When I ran the above method, I get the following accuracy

``` python
    >>> print(accuracy)
    0.925851703407
```
_________

Now we can use our model to classify unlablled tweets from our test-tweets dataset

In [14]:
def classify_unlabelled_data(tfidf, classifier, unlabeled_tweets):
    """ predicts class labels for raw tweet text
    Inputs:
        tfidf: sklearn.feature_extraction.text.TfidfVectorizer: the TfidfVectorizer object used on training data
        classifier: sklearn.svm.classes.SVC: classifier learnt
        unlabeled_tweets: pd.DataFrame: tweets read from tweets_test.csv
    Outputs:
        numpy.ndarray(int): dense binary vector of class labels for unlabeled tweets
    """
    
    processed_tweets = process(unlabeled_tweets)
    corpus = []
        
    for row in processed_tweets['text']:
        sentence = ' '.join(row)
        corpus.append(sentence)
    
    vect_corpus = tfidf.transform(corpus)
    result_matrix = csr_matrix(vect_corpus)
    y_pred = classifier.predict(result_matrix)
    
    return y_pred
    

# AUTOLAB_IGNORE_START
classifier = fit_classifier(X, y)
unlabelled_tweets = pd.read_csv("test-tweets.csv", na_filter=False, encoding='latin-1')
y_pred = classify_unlabelled_data(tfidf, classifier, unlabelled_tweets)
# AUTOLAB_IGNORE_STOP

## Conclusion

Now you have a model with which you can identify tweets that were posted without monetary influence or bias during the 2016 Ugandan Election. 

In an age where trending content quickly morphs into reality and influences decisions that people make - it is becoming increasingly important to identify whether content posted on social media is genuine or driven by hidden incentives such as monetary gain. 

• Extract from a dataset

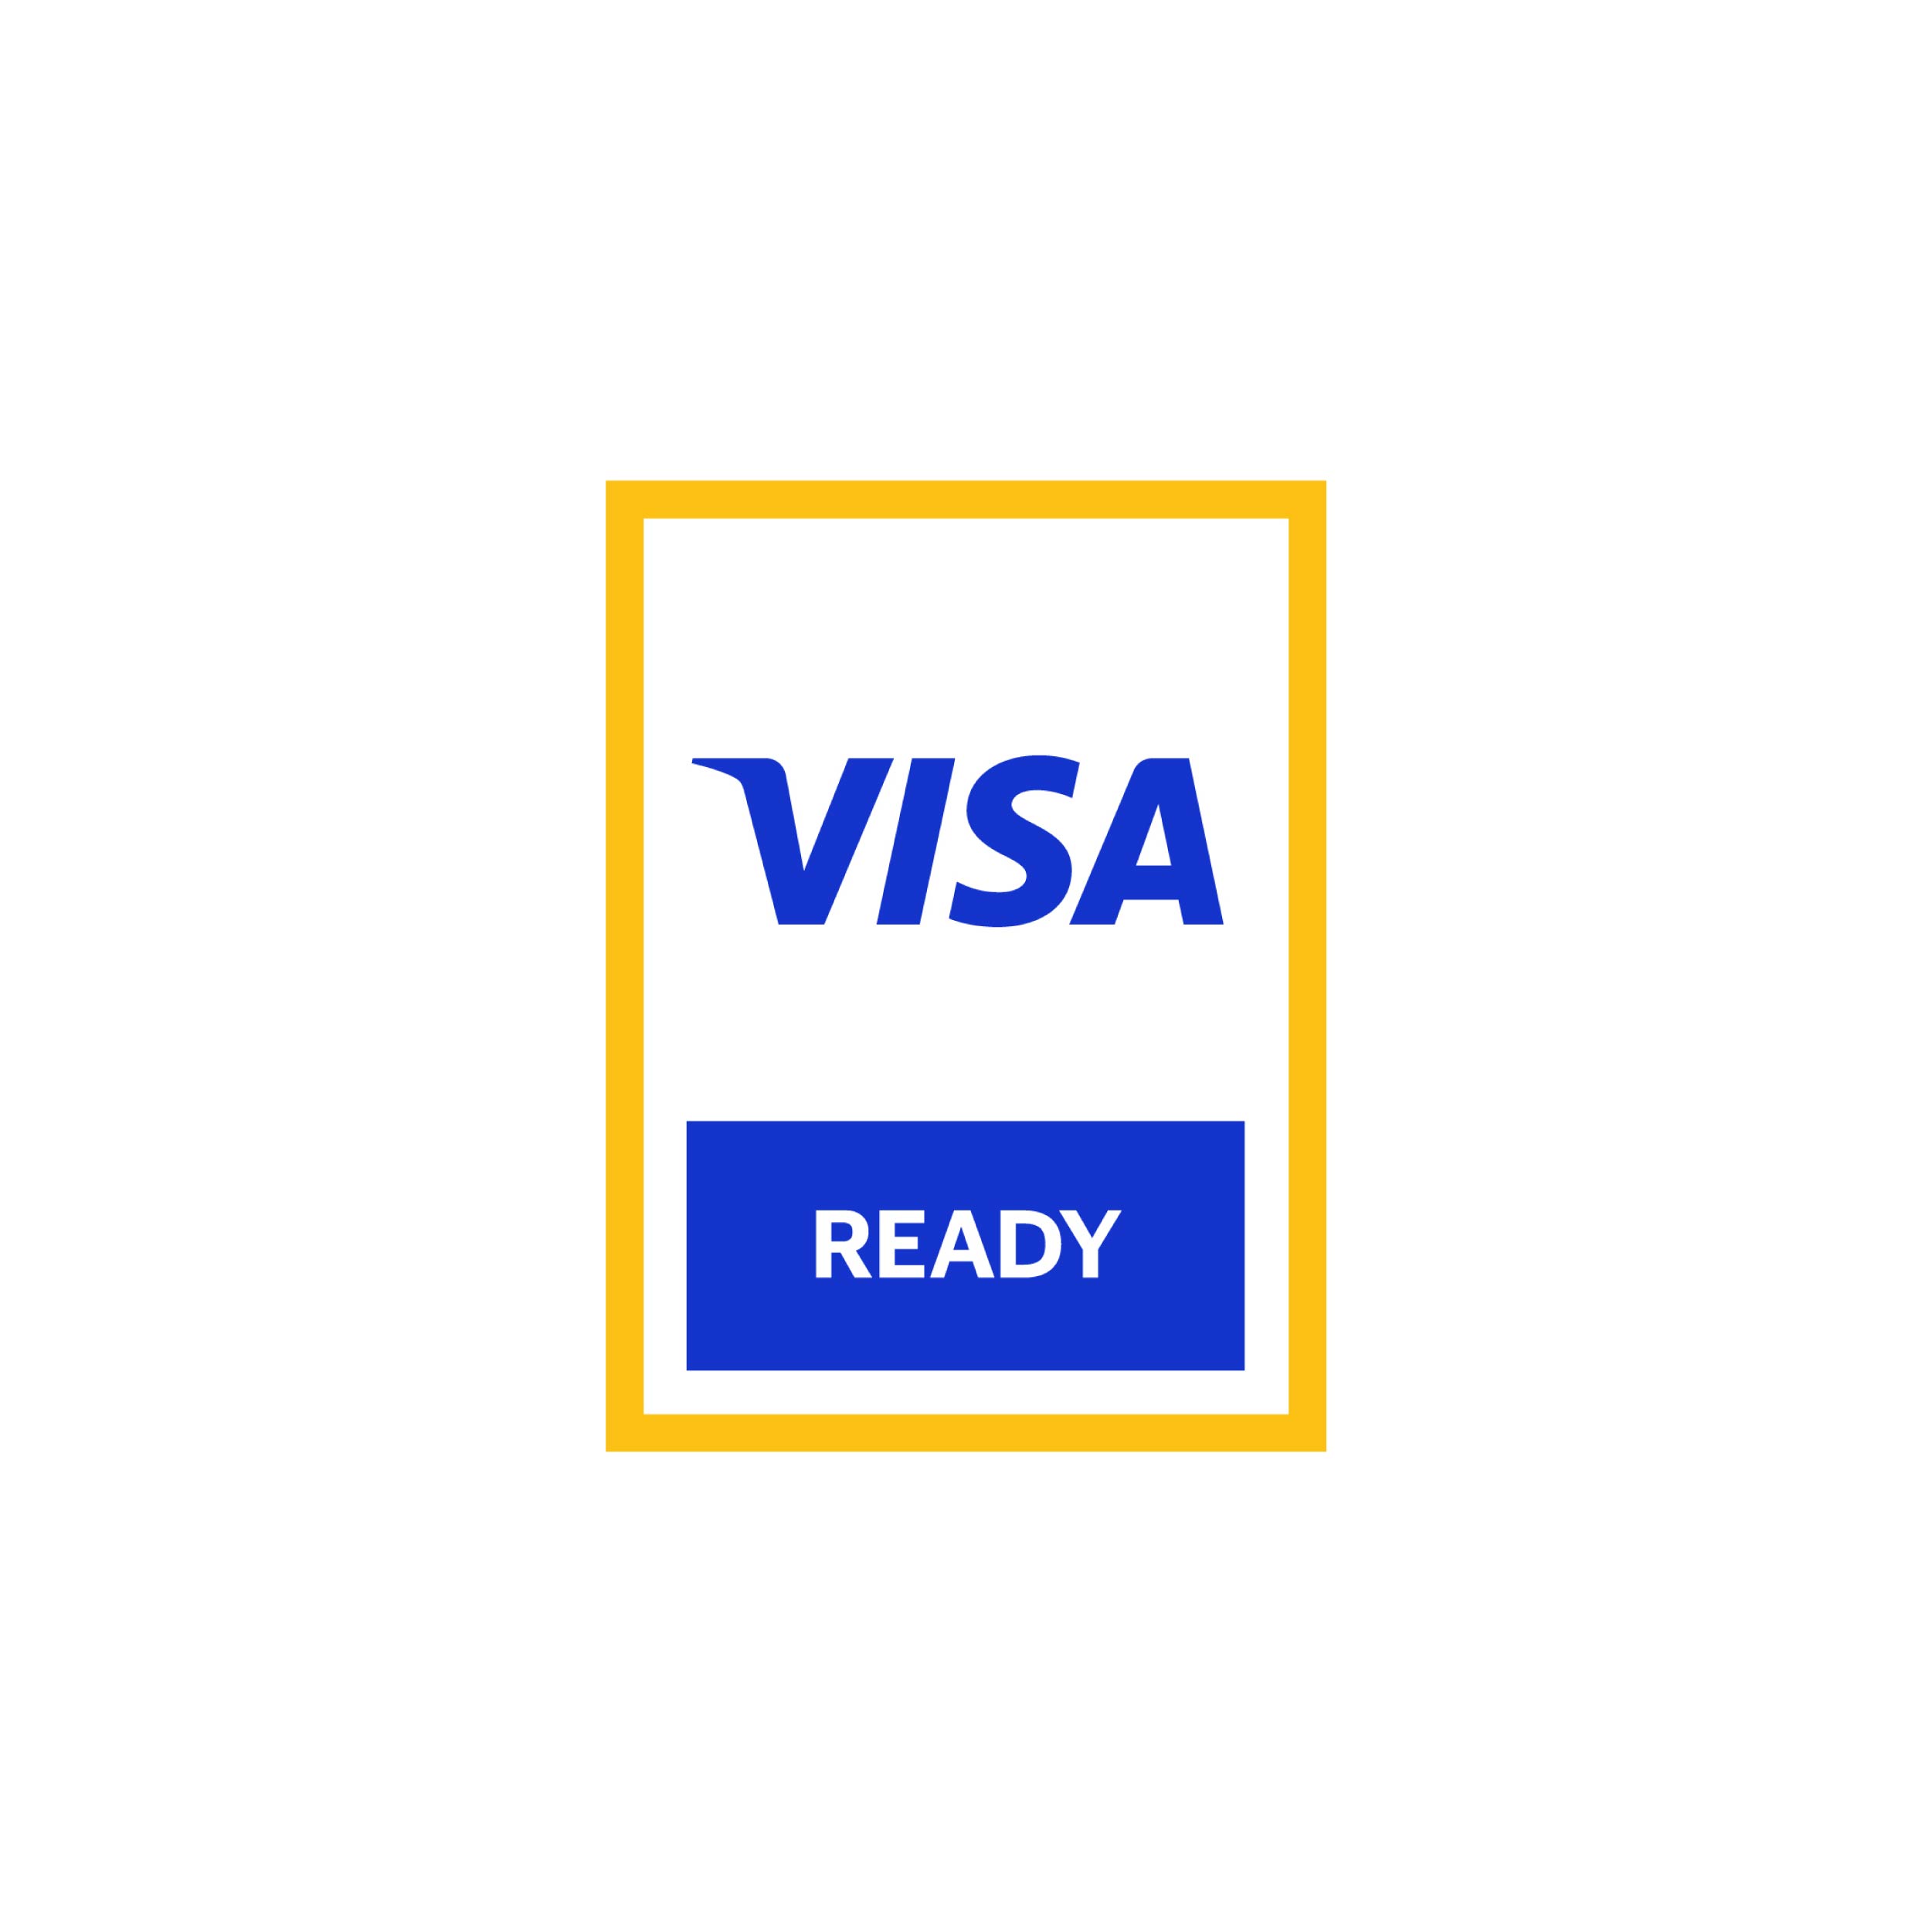 Visa Ready logo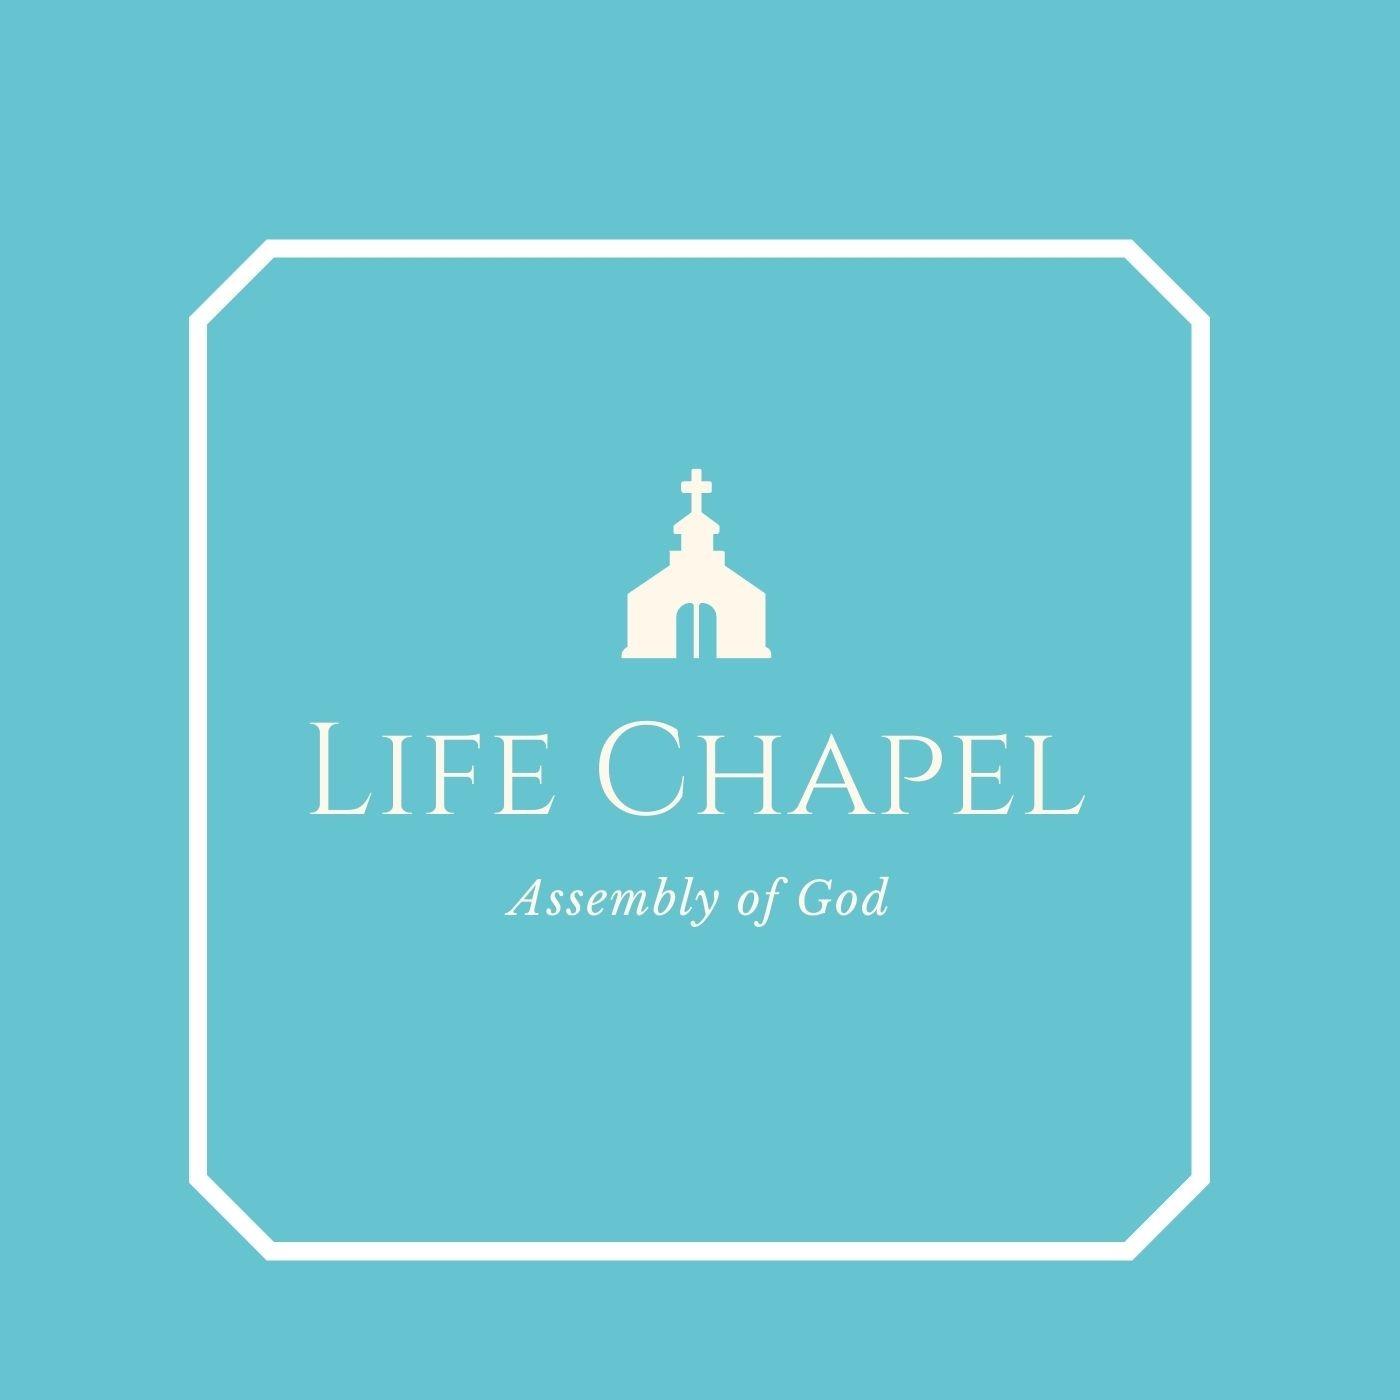 Life Chapel: Assembly of God

In this tutorial we have covered: 
1. Installation of libraries that are important 
2. Data Pre-Processing: Collection, Conversion and Cleaning - How we collected the data as well as processed it.
3. Text Processing: Cleaning up the text content so that it is ready to begin the process of feature extraction
4. Feature Extraction: Here we looked at the identification of words that will not add value to our similarity calculations.
5. Classification: Here we looked at using the SVM classifier with the linear kernal function to fit our data. We then evaluated our classifier against our validation data. After which we ran our model on our unlabelled data.